(Given information)

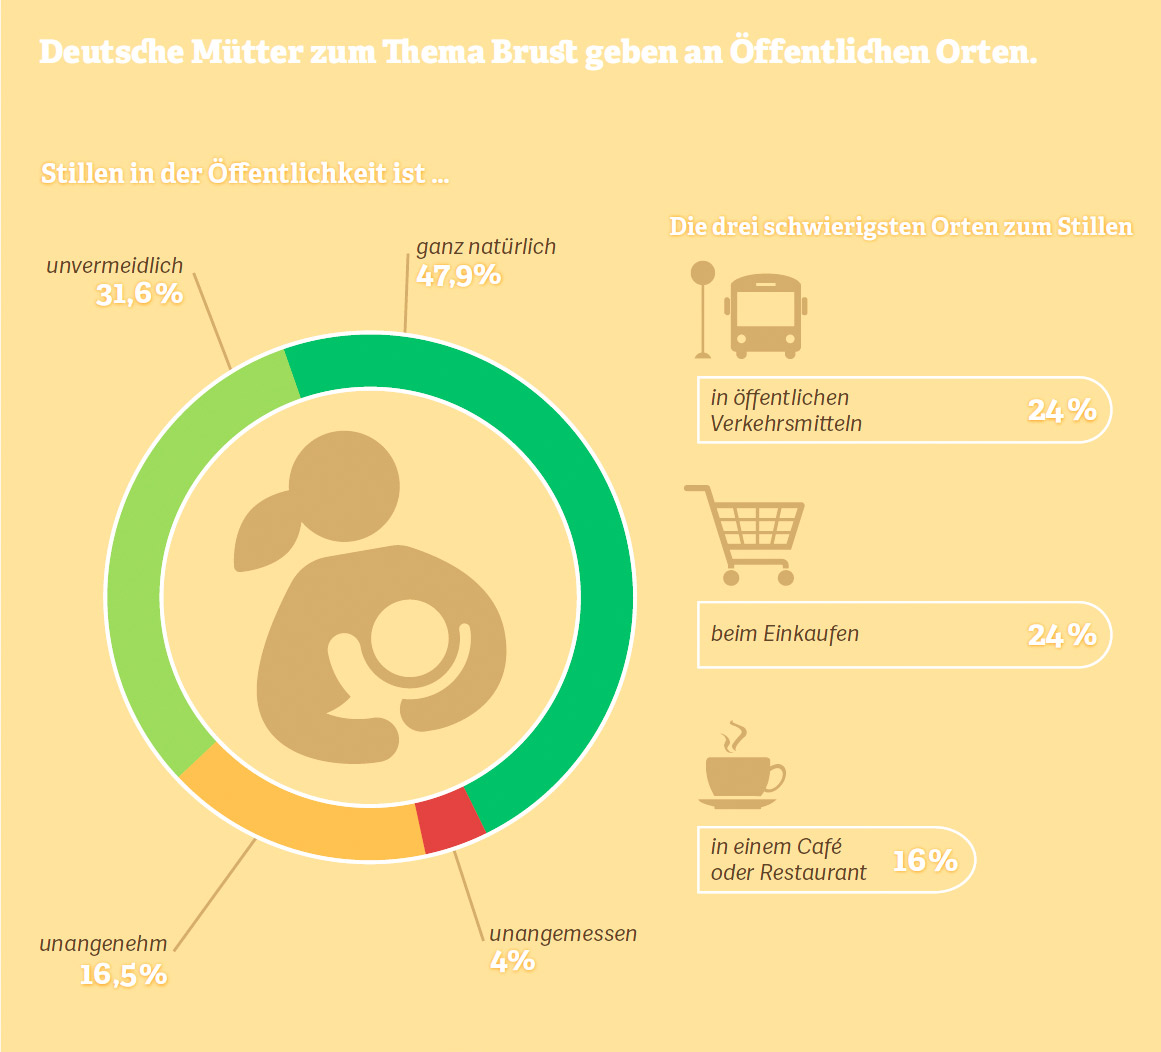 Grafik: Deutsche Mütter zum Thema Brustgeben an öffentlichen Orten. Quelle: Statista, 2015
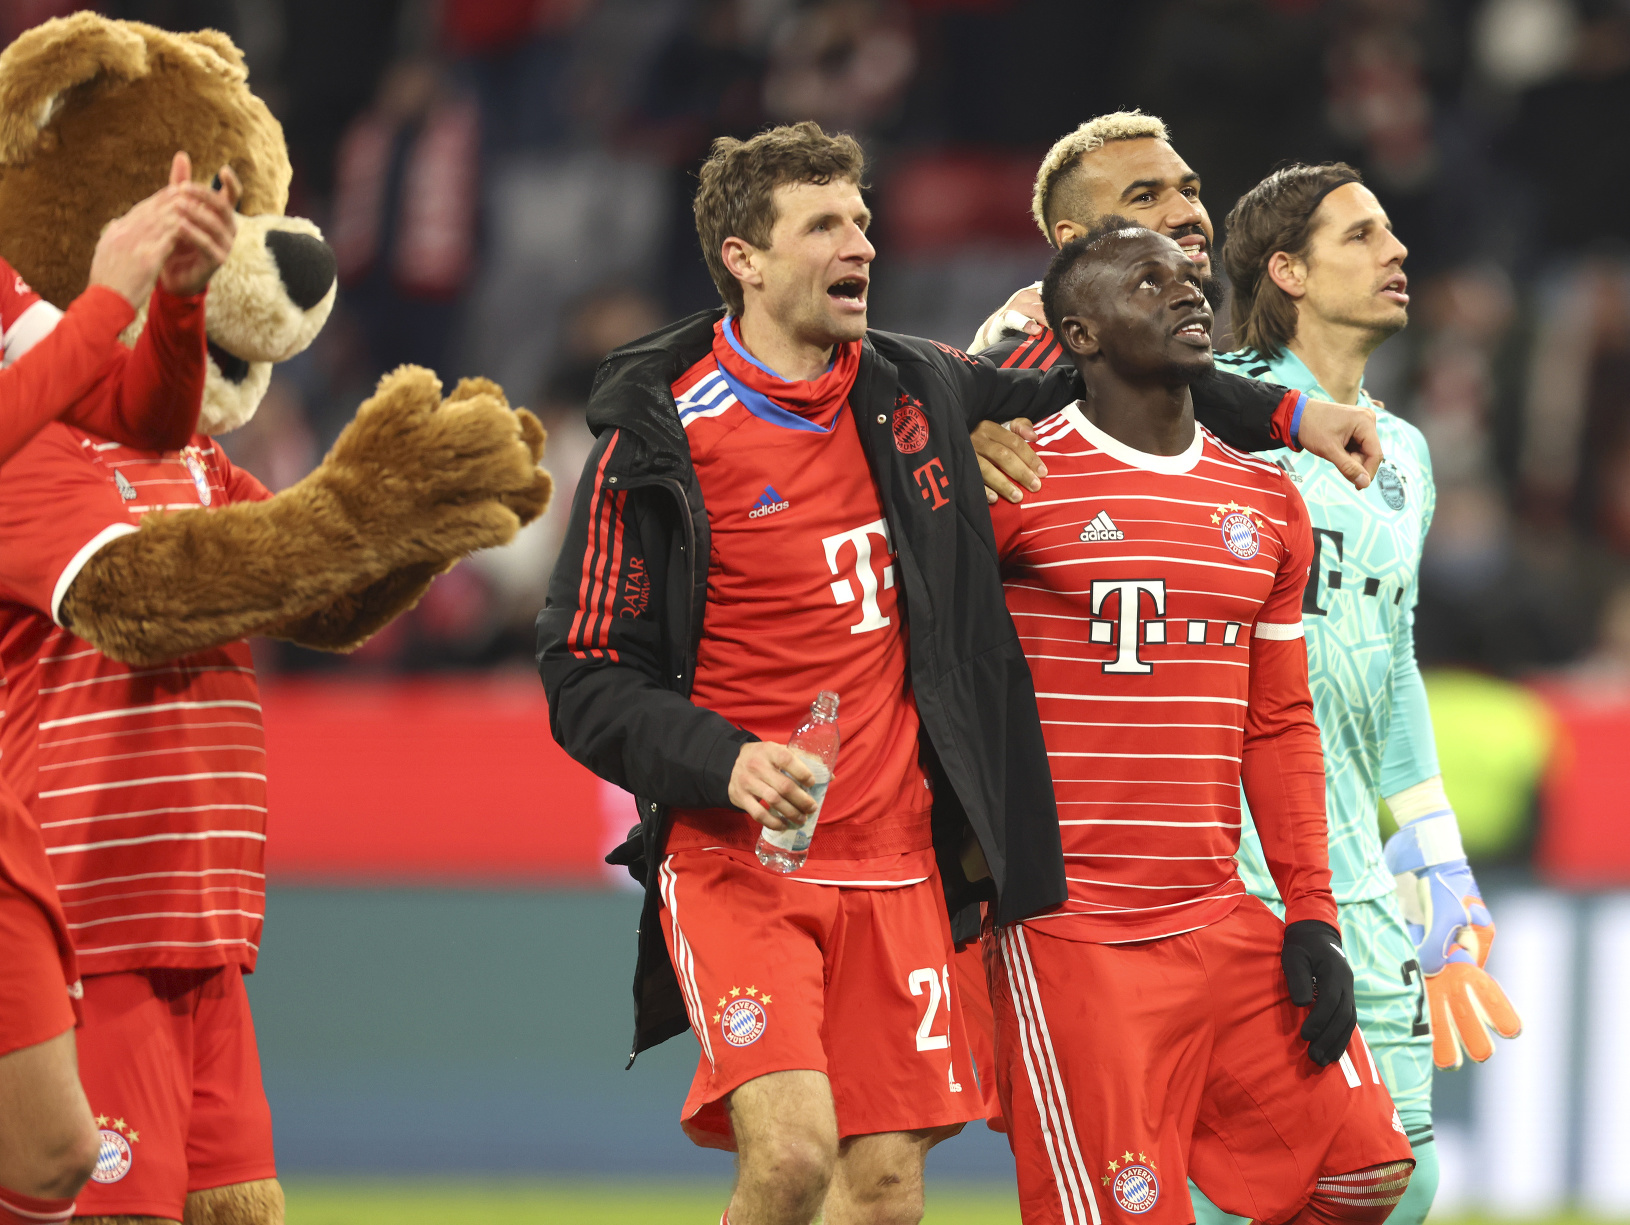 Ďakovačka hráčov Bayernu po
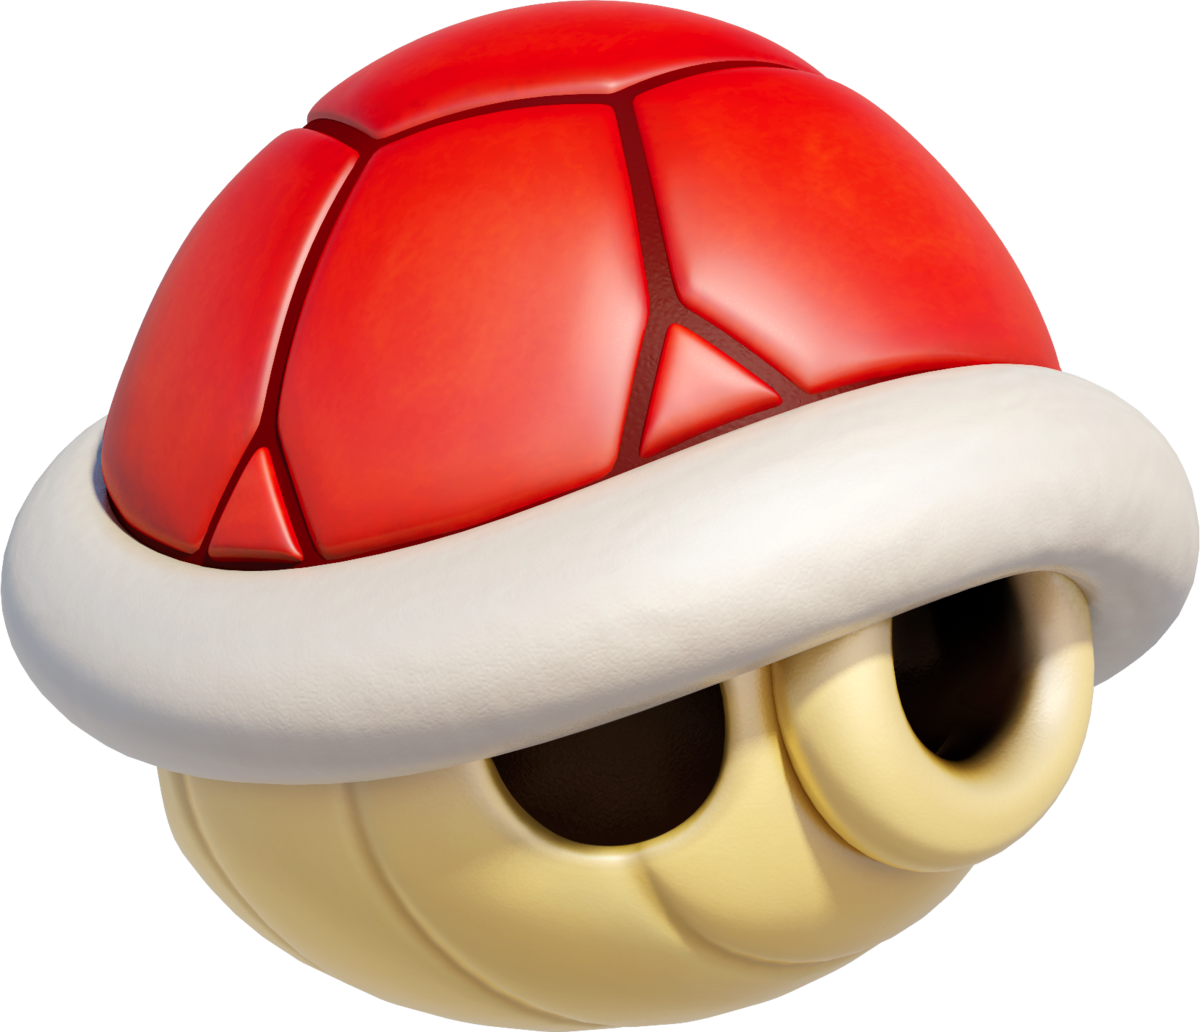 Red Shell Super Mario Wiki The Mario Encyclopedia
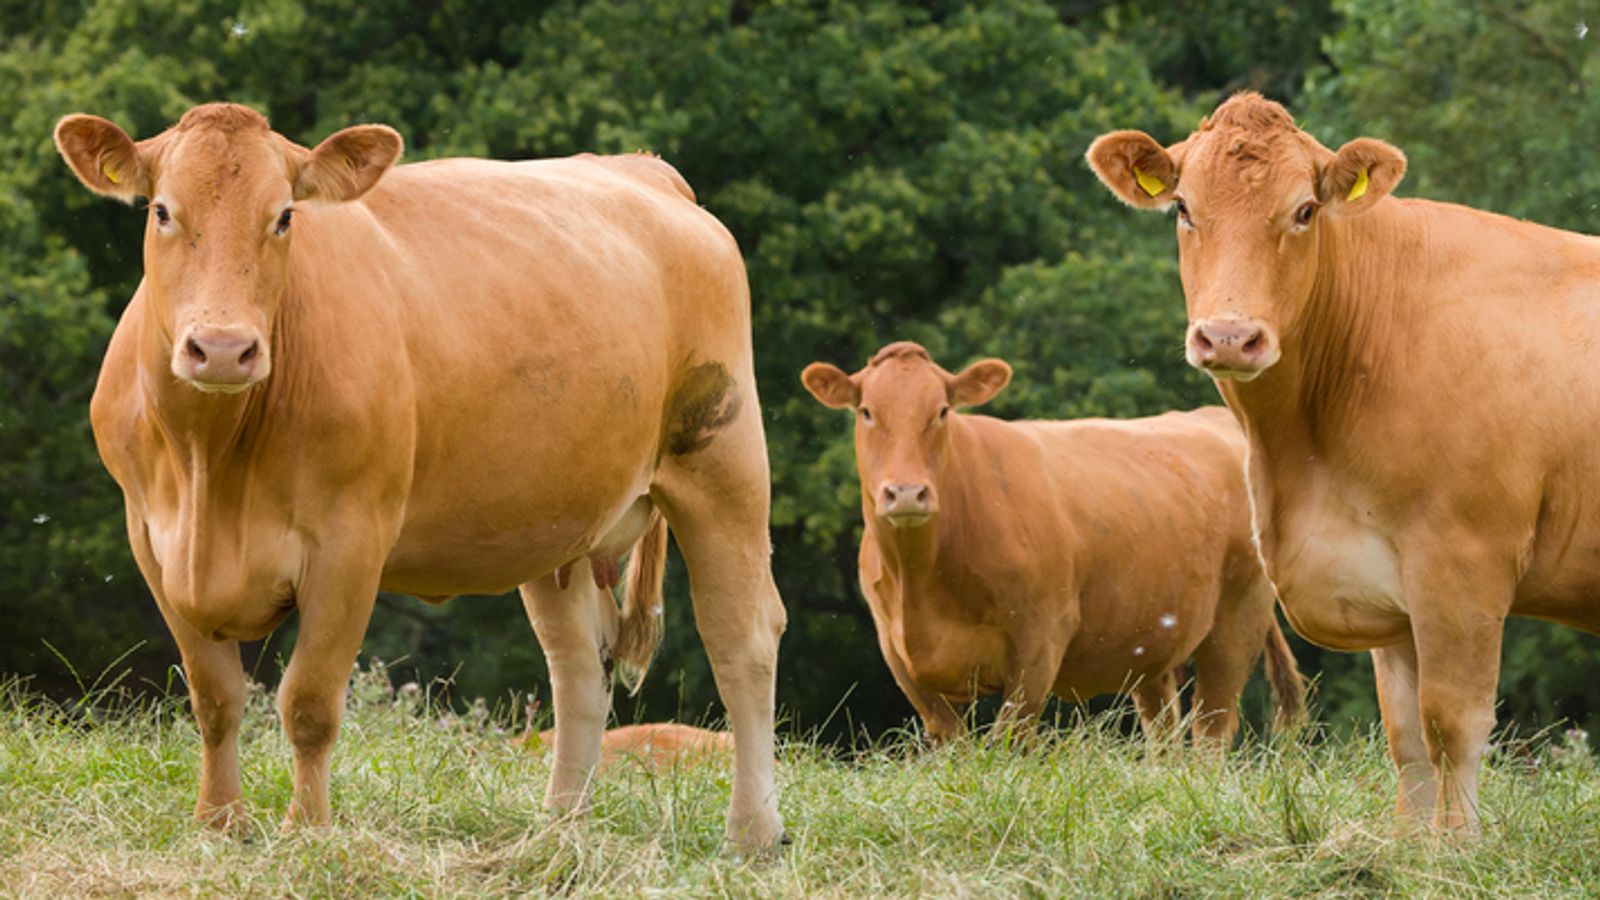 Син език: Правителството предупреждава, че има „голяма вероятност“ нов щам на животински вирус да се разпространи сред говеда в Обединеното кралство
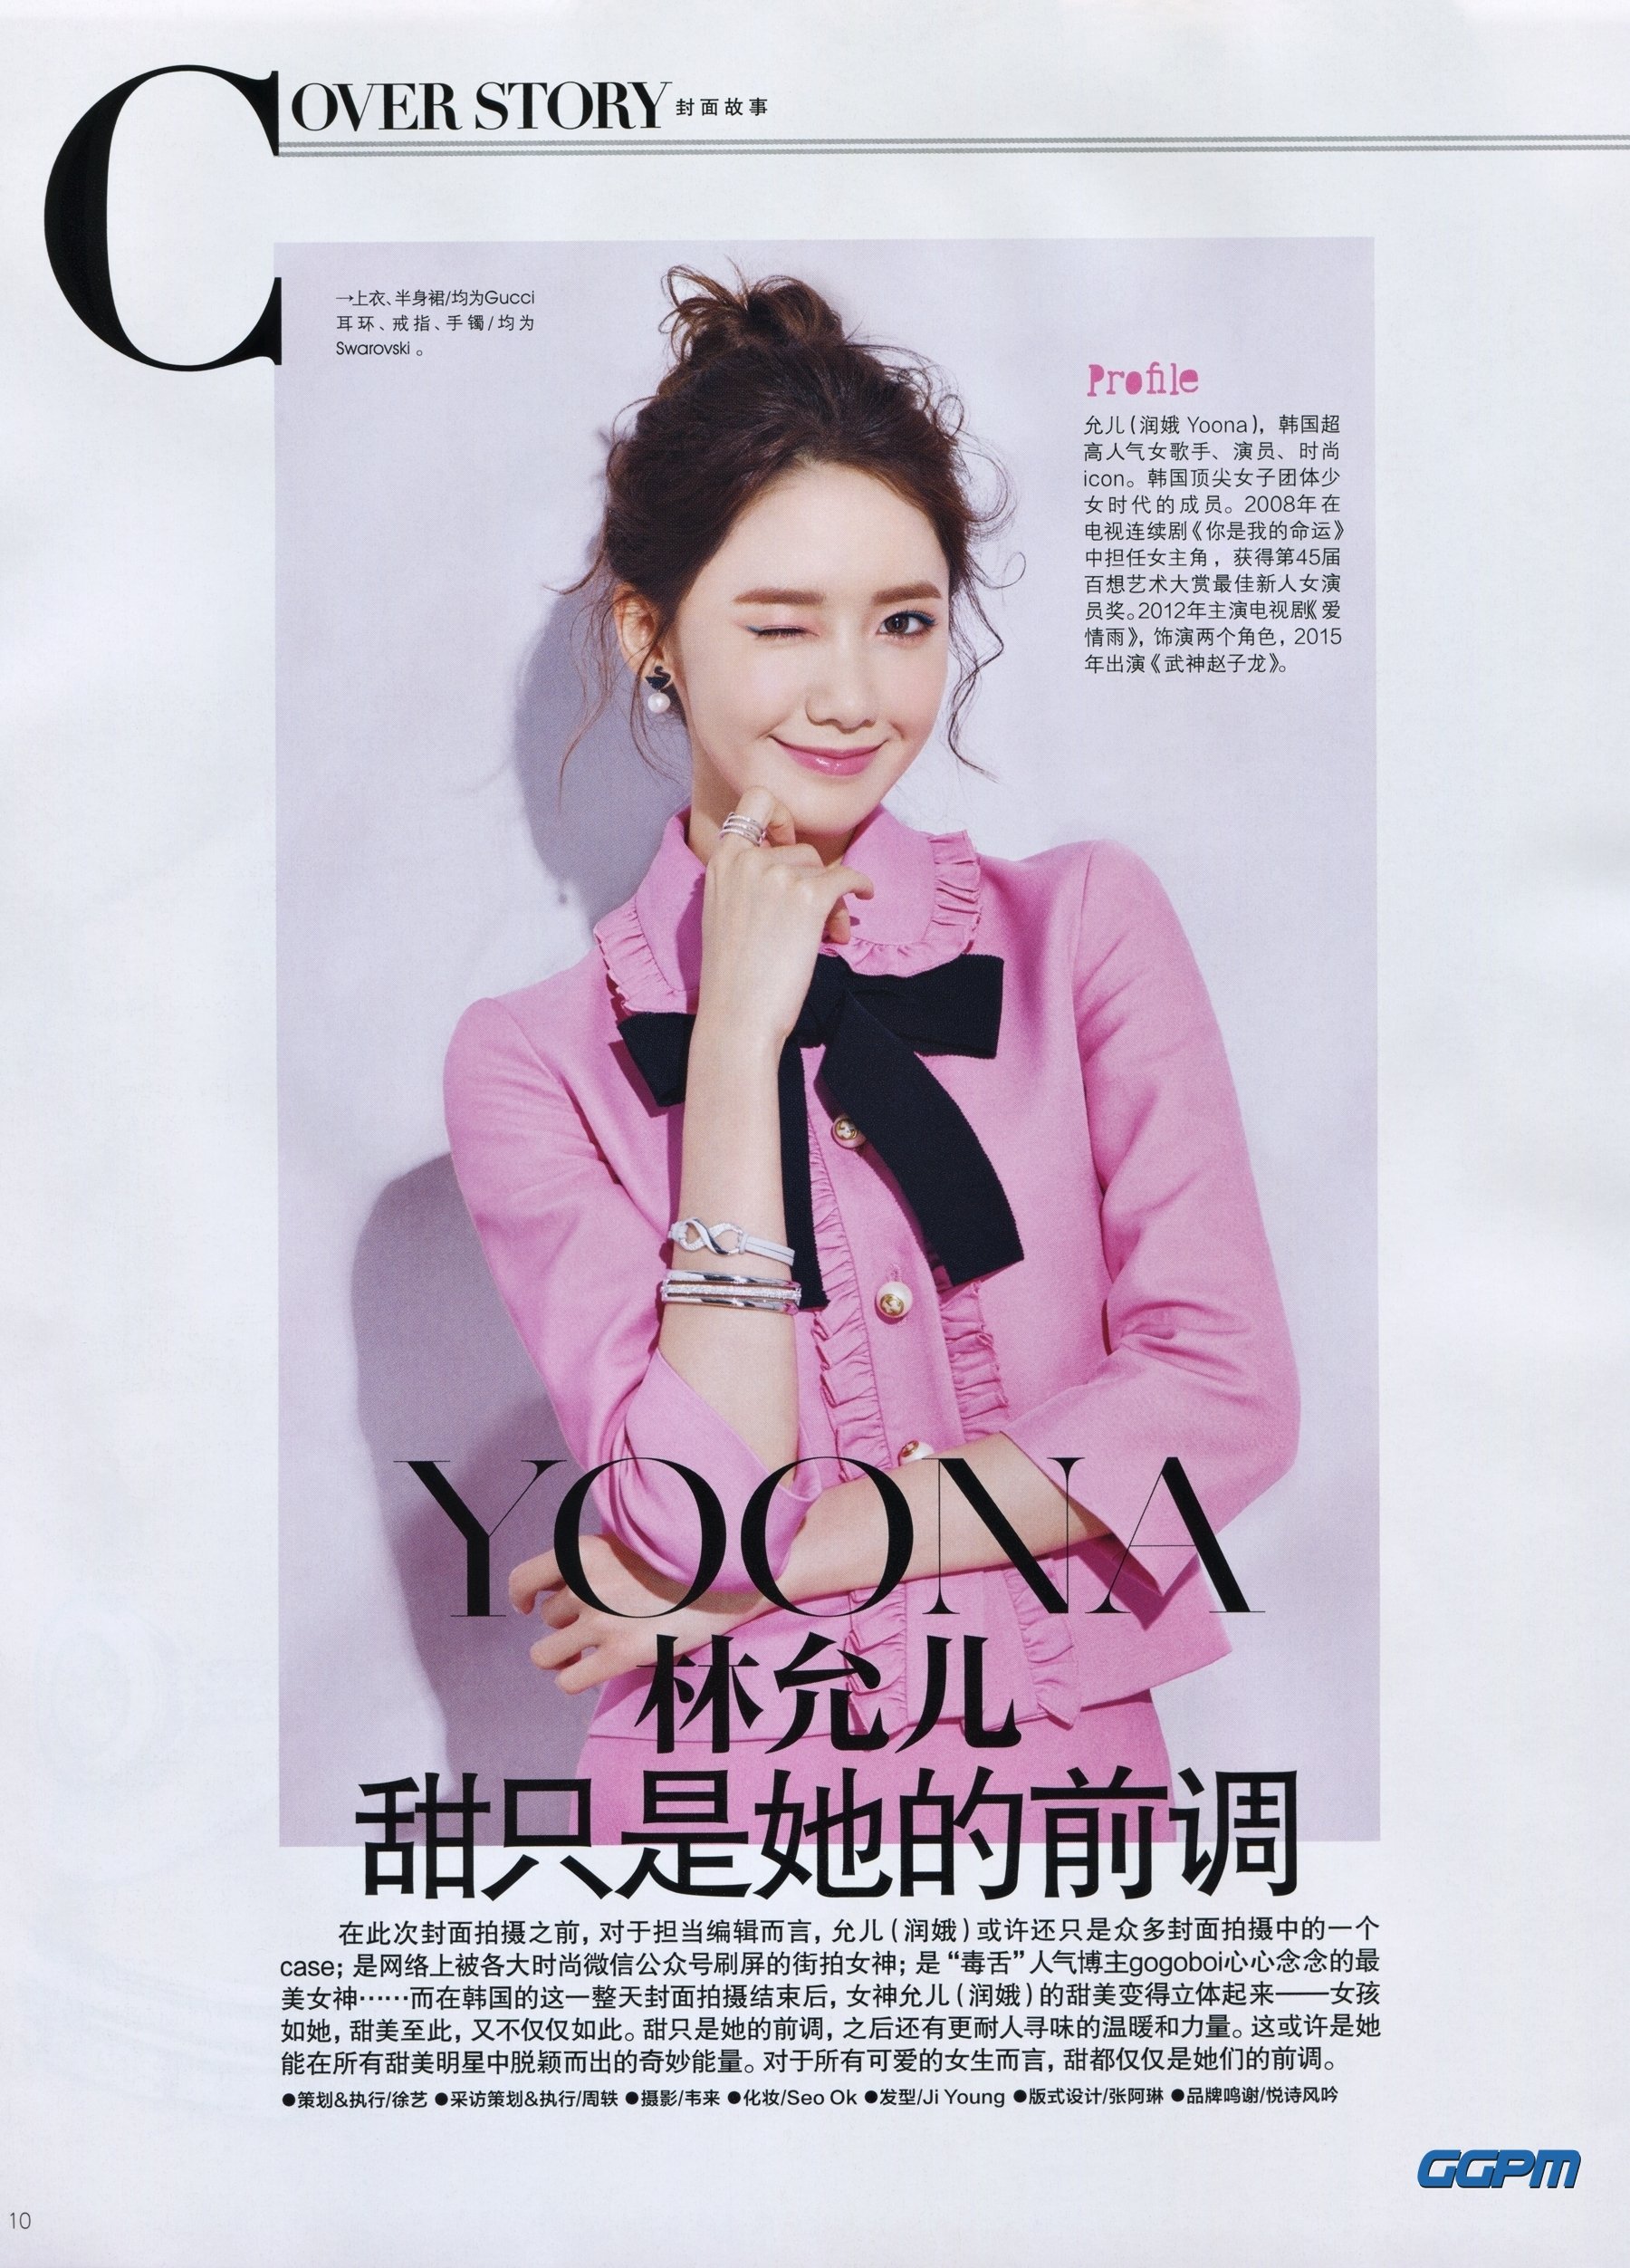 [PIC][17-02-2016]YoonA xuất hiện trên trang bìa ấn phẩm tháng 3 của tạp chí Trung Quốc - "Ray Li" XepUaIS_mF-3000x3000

(End Given information)

#### [Task prompt]
Omit the images; transcribe the listing verbatim.

#### [Output]
 Grafik: Deutsche Mütter zum Thema Brustgeben an öffentlichen Orten. Quelle: Statista, 2015
 Ďakovačka hráčov Bayernu po
 Red Shell Super Mario Wiki The Mario Encyclopedia
 Син език: Правителството предупреждава, че има „голяма вероятност“ нов щам на животински вирус да се разпространи сред говеда в Обединеното кралство
 [PIC][17-02-2016]YoonA xuất hiện trên trang bìa ấn phẩm tháng 3 của tạp chí Trung Quốc - "Ray Li" XepUaIS_mF-3000x3000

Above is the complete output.